# What you will do:
Please give back the listing below word for word and drop any images.

# Supplied material:
- Opening Delimiter -

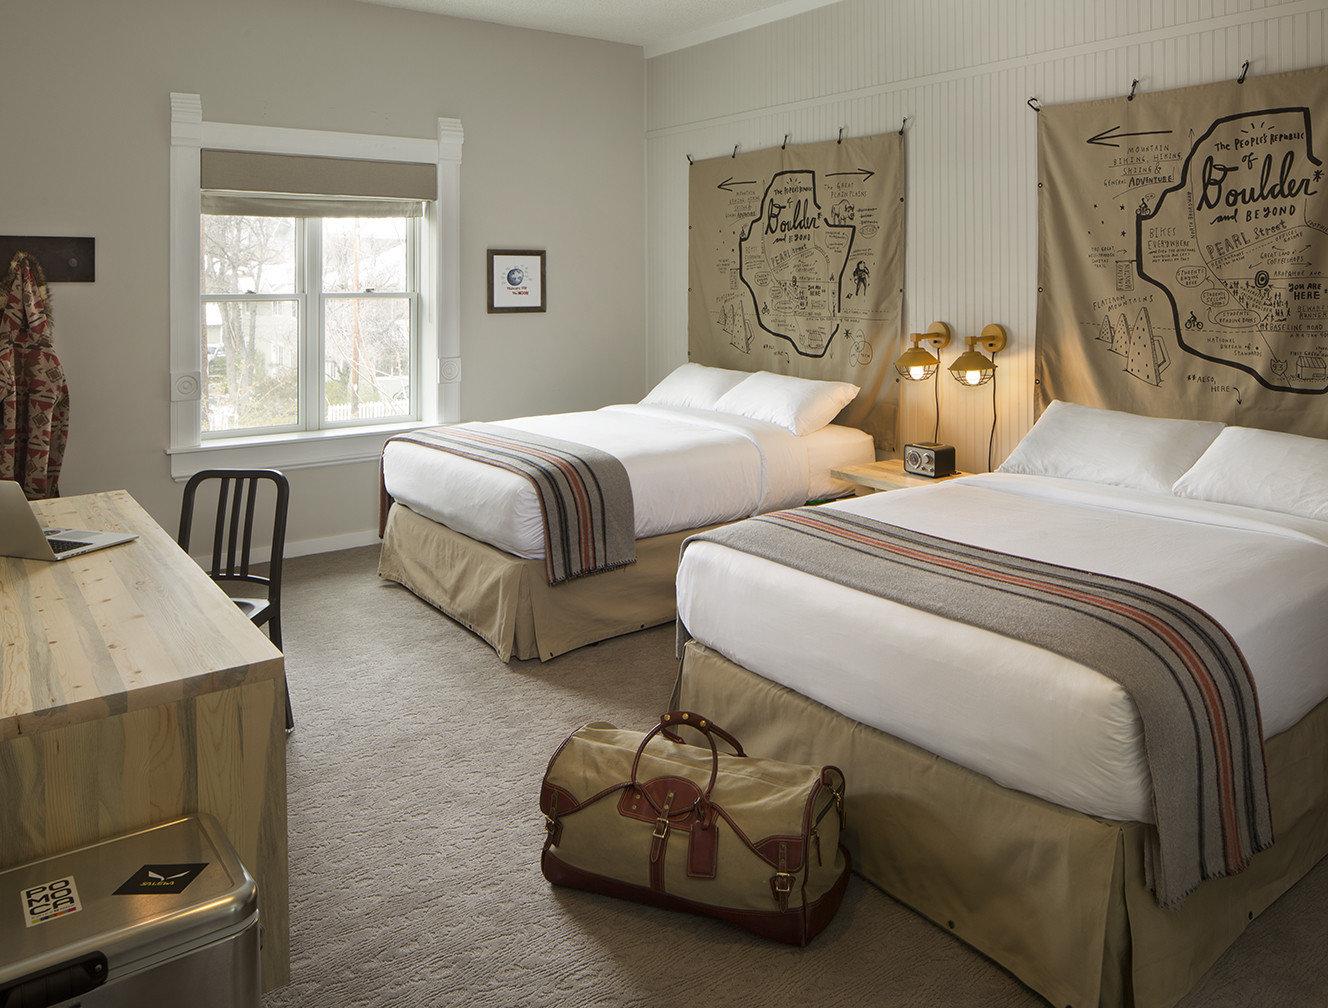 Bedroom property Suite bed frame home cottage bed sheet
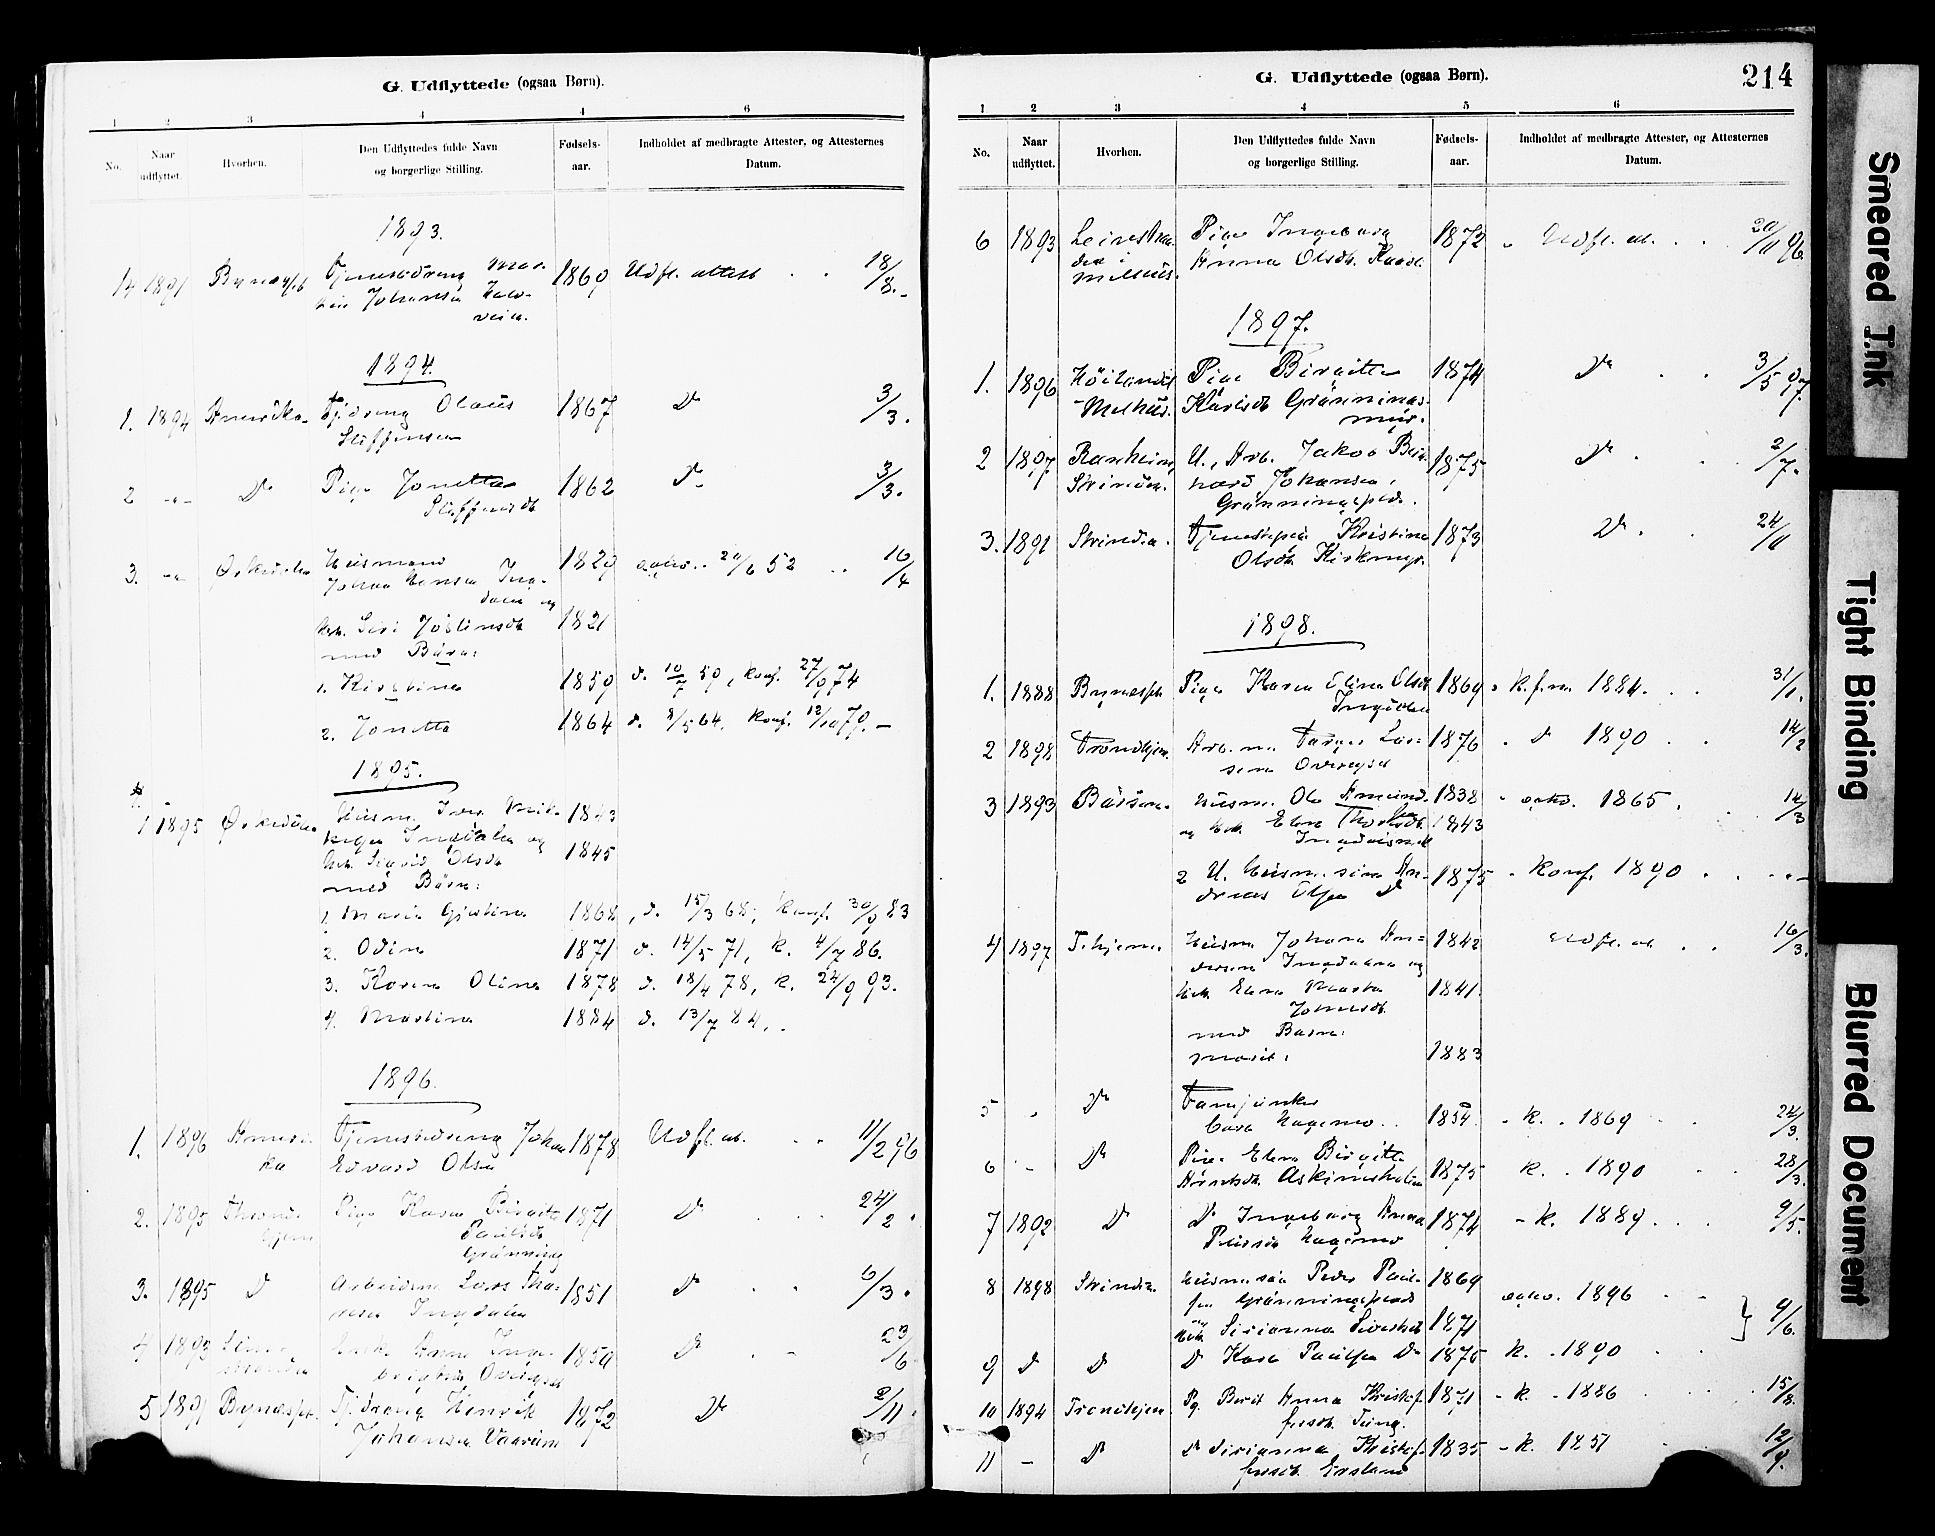 SAT, Ministerialprotokoller, klokkerbøker og fødselsregistre - Sør-Trøndelag, 646/L0615: Ministerialbok nr. 646A13, 1885-1900, s. 214
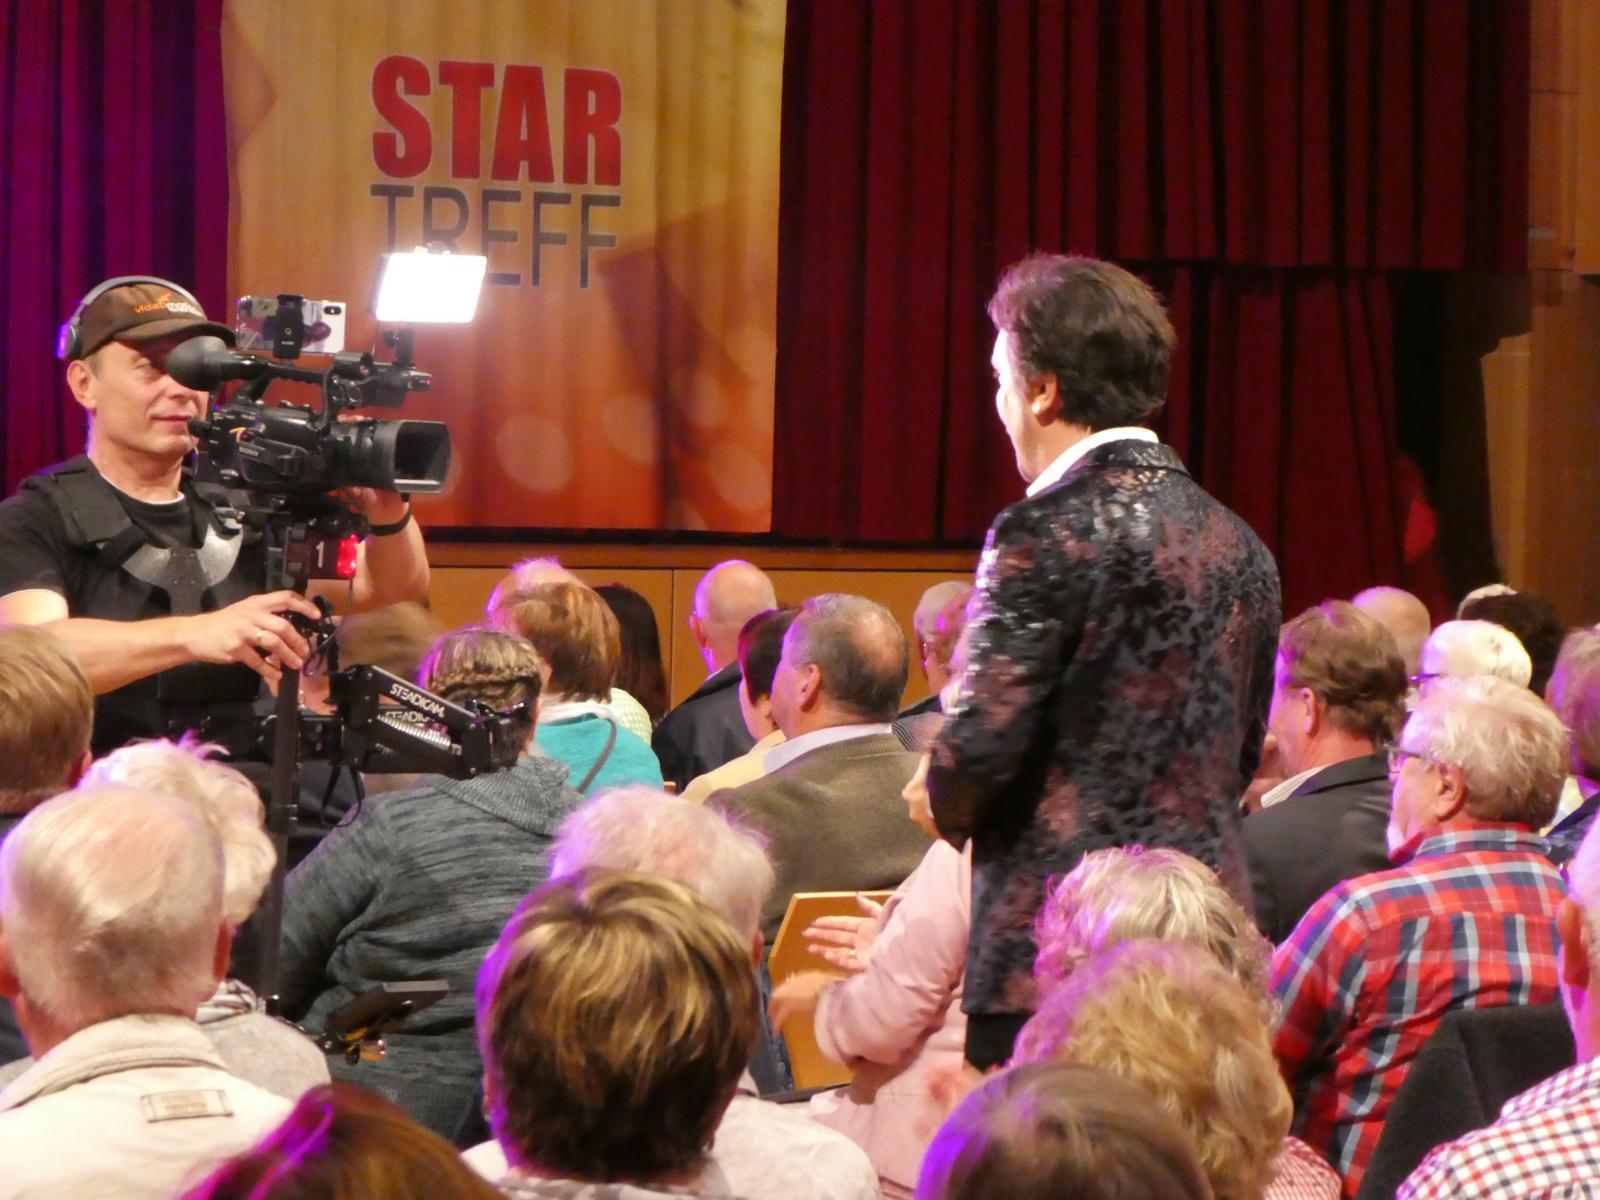 STAR-TREFF TV-Aufzeichnung

- Closing Delimiter -

# Answer below:
 Bedroom property Suite bed frame home cottage bed sheet
 SAT, Ministerialprotokoller, klokkerbøker og fødselsregistre - Sør-Trøndelag, 646/L0615: Ministerialbok nr. 646A13, 1885-1900, s. 214
 STAR-TREFF TV-Aufzeichnung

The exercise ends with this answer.